In this inoffensive variation
on John Hughes’s frenetic
Cinderella stories, April (post spring break and postcollege acceptance season) is the perfect time to upend the established social order. When the most popular girl in school (a vamping, foot-stamping Jodi Lyn O’Keefe) dumps her brainy, sensitive jock boyfriend (Freddie Prinze Jr.) for an obnoxious MTV star (Matthew Lillard, in a dead-on Puck impersonation), the stage is set for a cruel, Pygmalion-style bet.

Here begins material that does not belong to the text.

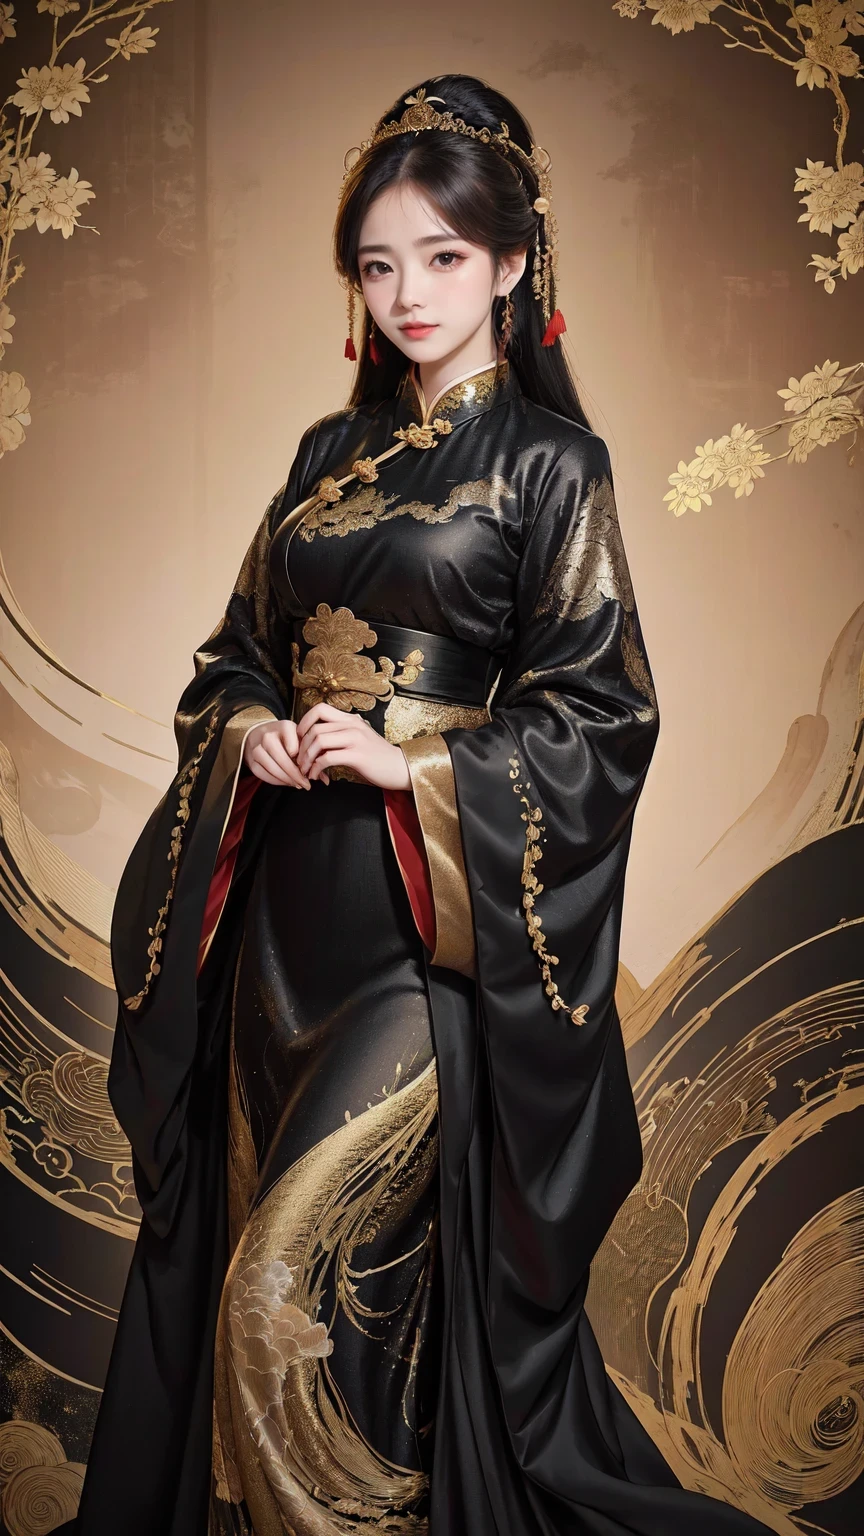 一位身穿黑色和金色连衣裙的女子摆姿势拍照, 旗袍, 旗袍, 搭配中国古装, Hanfu, 中式, 中国传统的, 中国传统的 clothing, 美丽的幻想女王, 中国女孩, 符合中国古代审美, Hanfu, 传统美, 穿着中国古代的衣服, 美丽的中国模特, 穿着奇装异服, 中国女人

The spurned jock vows to transform the “scary, inaccessible” class dork into the next prom queen in six weeks.
Of course, the game would be a lot tougher if the victim (Rachael Leigh Cook) wasn’t a Winona Ryder look-alike, complete with quavering voice and killer bod. It’s never quite believable, either, that the heroine’s sudden social ascent is a great thrill for every other unpopular student. She’s a poor, motherless waif with only one friend (male), so it’s a mystery, rather than a triumph, when this loner knocks them dead at the prom wearing a Dior-style prom dress and Audrey Hepburn do. Amid all the cameos (Anna Paquin, Usher, Lil’ Kim), only Prinze, who has the ethereal, gentlemanly quality of a young Anthony Perkins, gets enough screen time to really make an impression.